Elizabeth nodded, reluctantly she heaved herself up and off the bed and tottered after Shayla, her new form bouncing and swaying as she walked.


----------



## Mr. Jigglesworth (Oct 9, 2012)

Very good writing so far, I like where this is going and I am eager to read more.

Mr. Jigglesworth


----------



## thatpumpkin (Oct 13, 2012)

*Chapter 3*

Elizabeth stared at the pancakes and sausage on her plate and thanked the lord that her appetite hadn’t changed at least. 

“Maybe I can lose all this weight then.” She said hopefully to Shayla as she ate her breakfast. 

“If I’d known my wish was gonna work, I would have used it on something else!” She said between bites.

“Yeah.. I guess…” Shayla said absentmindedly. It made Elizabeth wonder why her friend seemed so distant this morning. 

Elizabeth looked down at herself, still finding it hard to believe just how much of her there was to look at. She had already looked at herself in the mirror and seen how pudgy her face had become and how far her behind seemed to stick out now. Even as she sat in the chair, it amazed her how far her belly hung down into her lap. If it wasn’t so soft and flabby she might have looked pregnant.

Now Elizabeth wasn’t sure what she was going to do, she couldn’t go out like this. 

First off she would need new clothes, but how could she buy new clothes if she didn’t have any clothes to wear in public? Even now the tank top she’d been wearing had stretched out so much that it barely held her breasts and only covered about a fourth of her belly. 

Secondly, how was she going to face work on Monday, won’t people freak? Nobody gains over a hundred pounds in three days. 

And thirdly, she wondered what HE would think If they ever saw each other again. Would he come back to her now that she was almost as fat as the other girl? 

These questions weighed heavily on Elizabeth as she sat there, slowly eating her breakfast. She and Shayla sat in silence for a while until Shayla suddenly stood up and took Elizabeth’s hand. 

“You wait here Lizzy,” she began “, I’ll run to the goodwill down the street and get you something suitable to go shopping in, then we can get you some new clothes.” It seemed that Shayla had been thinking about the clothes problem also. 

Elizabeth nodded and allowed Shayla to leave her alone in the apartment for a bit. When her best friend had left the apartment, Elizabeth let out a sigh of relief. Shayla would be the only person Elizabeth would want around for an ordeal like this, but she’d also wanted a moment to herself to examine things. 

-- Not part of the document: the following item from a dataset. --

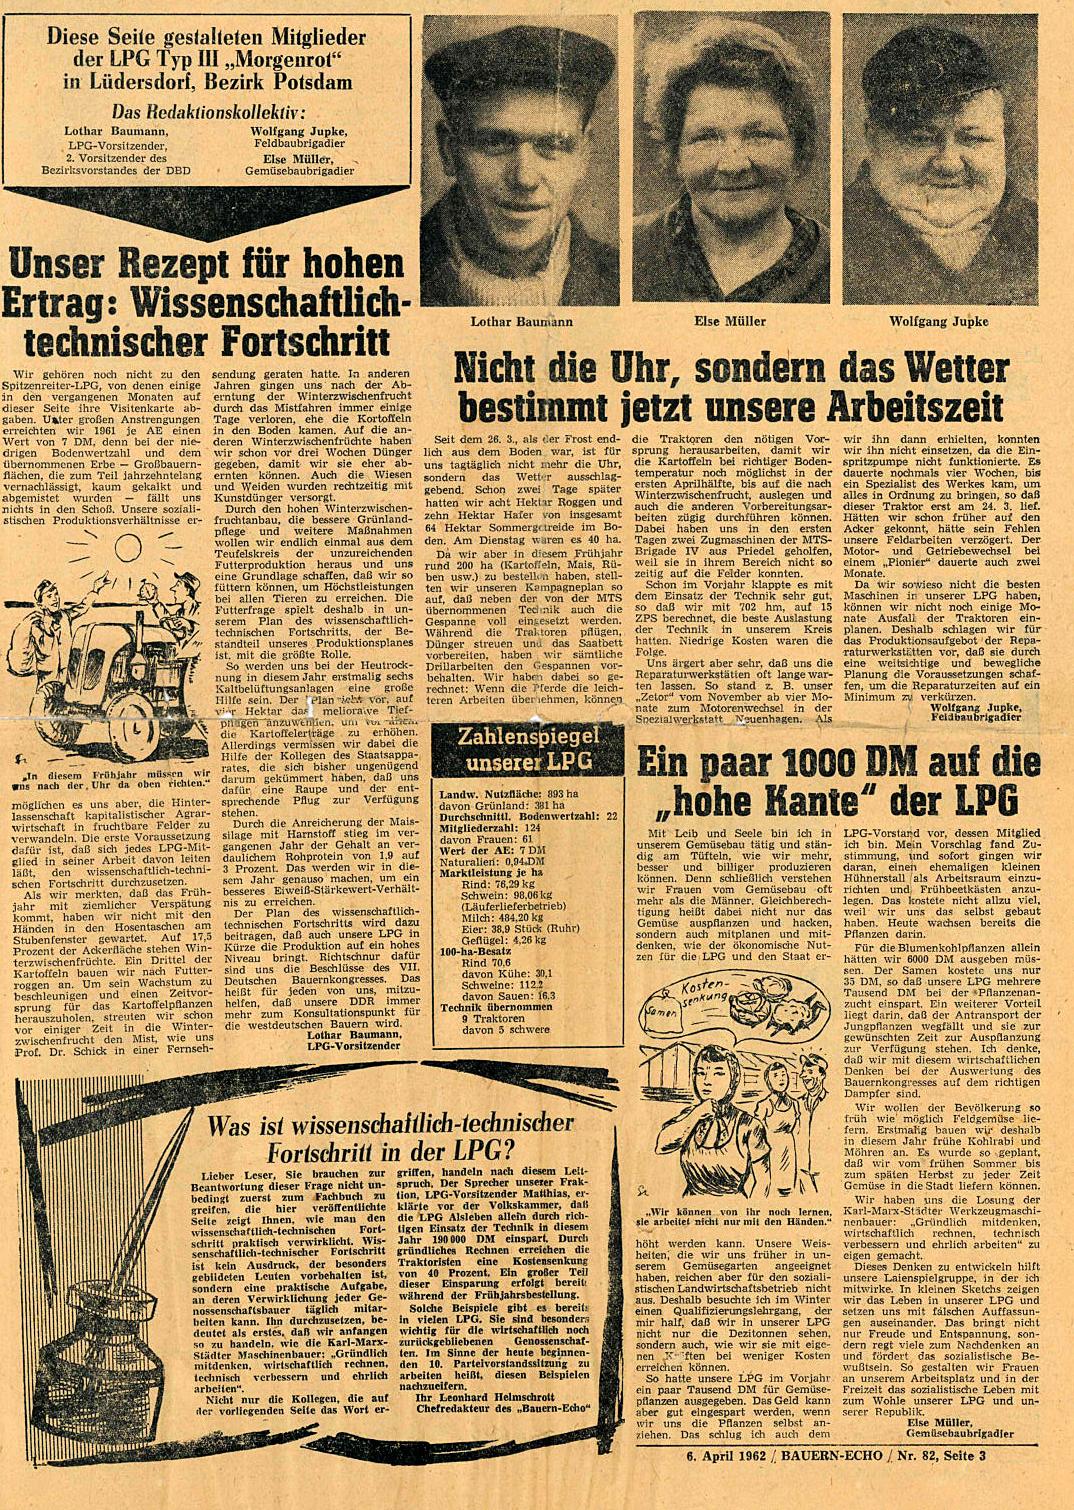 Historisches Dokument: Artikel im "Bauernecho" vom 6.4.1962 "Unser Rezept für hohen Ertrag: Wissenschaftlich-technischer Fortschritt"

She couldn’t believe how her fingers had swelled up, her once dainty hands had puffed out and her arms seemed much more jiggly than before. It also surprised her how heavy she felt when she stood and walked. The way that her belly spilled over her waistline was interesting to her also, and lastly, she believed her thighs were the biggest part of her new body, giving her a killer pear shape. 

But where had it all come from? Even with a wish, she had imagined that she would gain the weight over a period of time, and not just in one night. So how had this happened? Then she remembered how strangely Shayla had been acting. Did Shayla know something that she didn’t? 

Elizabeth stood up from the table and walked to her closet. There she found the largest piece of clothing she owned, an XXL hoodie that had been shipped to her by accident. Eventually she also found a skirt that was large enough to come down to just past her knees at least. Sure it was a silly look, but it would do. 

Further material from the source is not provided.